Every time Ethan saw those screens he had to stifle an irresistible impulse to tear someone’s head off.

He understood the purpose—fully—but still…

“That fury,” said the man behind the intricately carved mahogany desk. “You flash it every time you come to see me.”

Ethan shrugged. “You’re eavesdropping on private lives. Just a natural reaction.”

“You believe privacy should exist in our town?”

“Of course not.”

Ethan moved toward the giant desk as the doors behind him swung shut.

He shelved his Stetson under his right arm and eased down into one of the chairs.

Stared at David Pilcher.

He was the billionaire-inventor (when money meant something) behind Wayward Pines, behind this complex inside the mountain. In 1971, Pilcher had discovered that the human genome was degrading, and he’d privately predicted that humanity would cease to exist within thirty to forty generations. So he built this suspension superstructure to preserve a number of pure humans before the genome corruption reached critical mass.

In addition to his inner circle of one hundred sixty true believers, Pilcher was responsible for the abduction of six hundred fifty people, all of whom, himself included, he’d put into suspended animation.

And Pilcher’s prediction came true.
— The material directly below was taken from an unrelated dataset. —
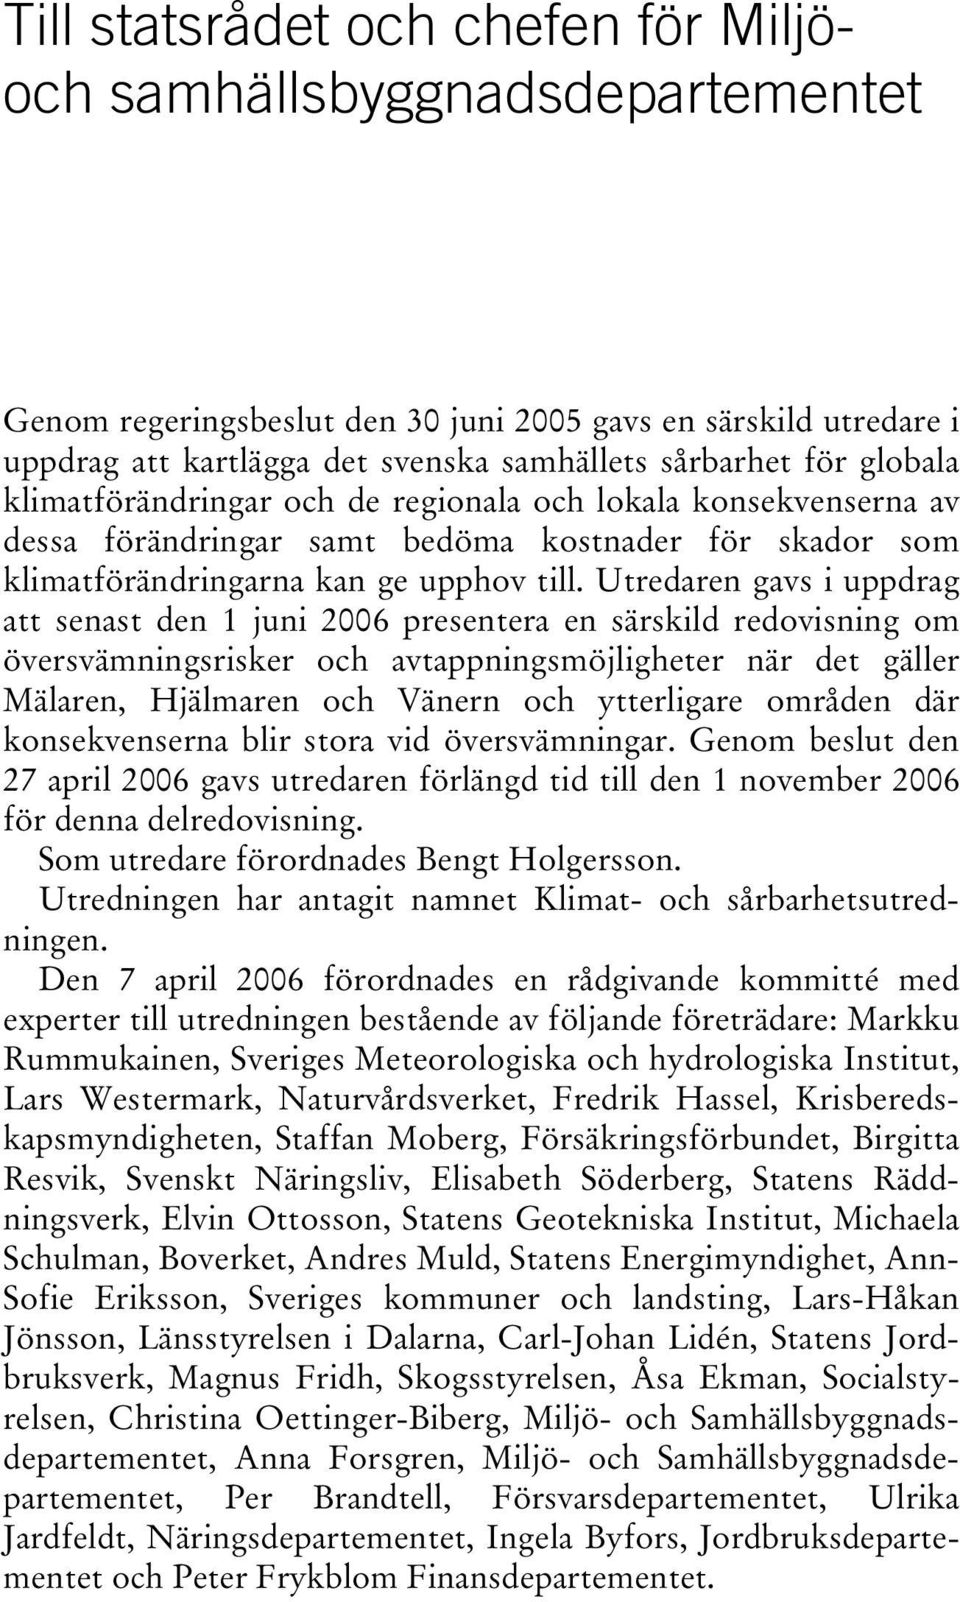 Utredaren gavs i uppdrag att senast den 1 juni 2006 presentera en särskild redovisning om översvämningsrisker och avtappningsmöjligheter när det gäller Mälaren, Hjälmaren och Vänern och ytterligare
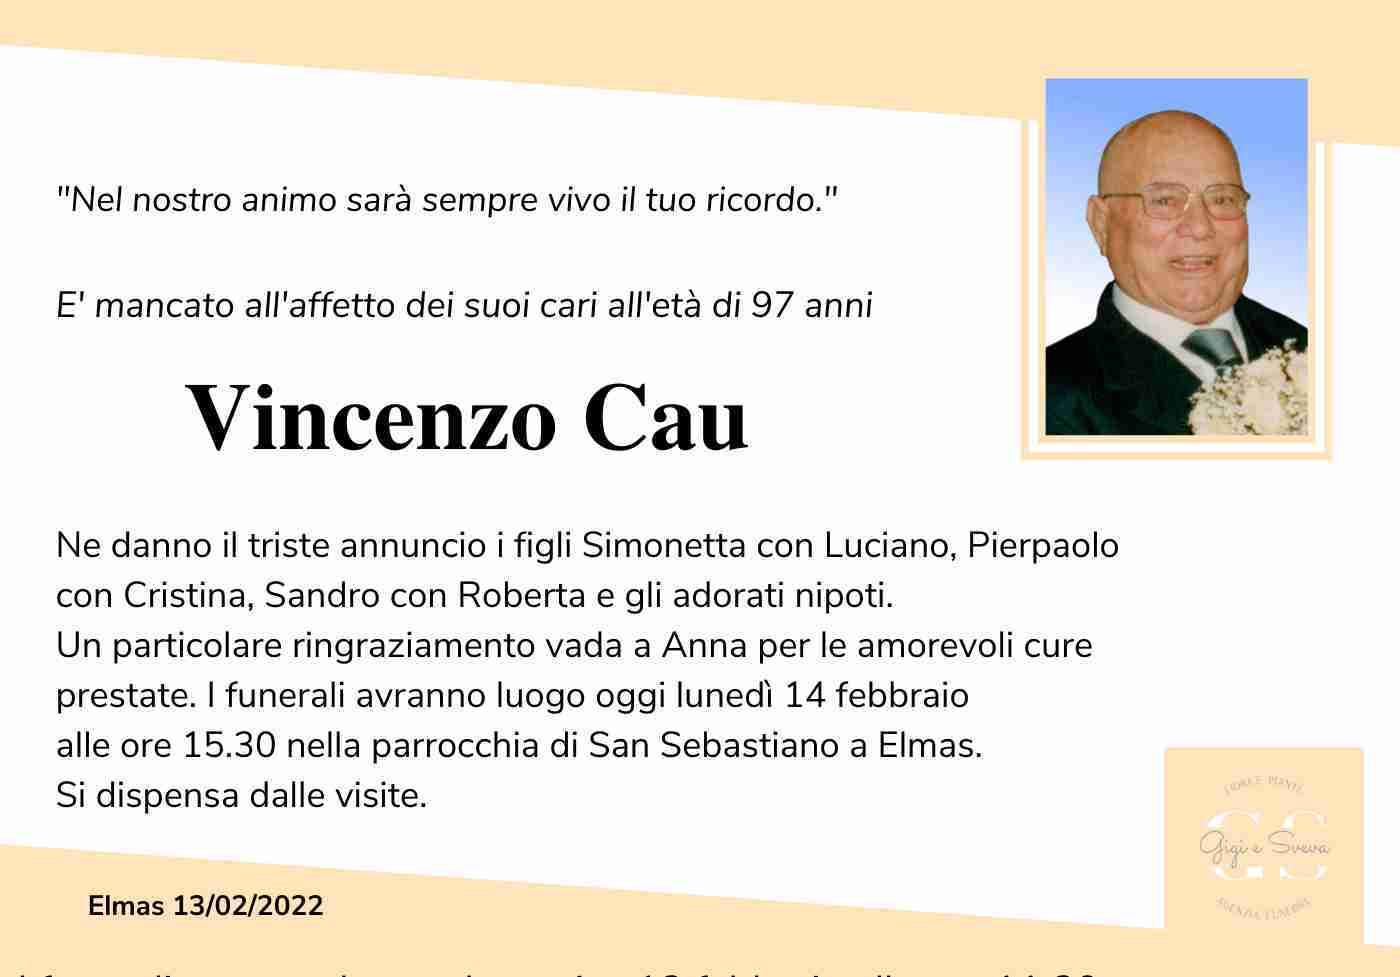 Vincenzo Cau

At this very moment, beyond the electrified fence that surrounded Wayward Pines, lived hundreds of millions of what humanity had devolved into—aberrations.

And yet, Pilcher didn’t own the face he’d ostensibly earned. He was a physically unthreatening man. Five foot five in boots. Hairless save for the faintest silver stubble—more chrome than winter clouds. He watched Ethan through diminutive eyes that were as black as they were unreadable.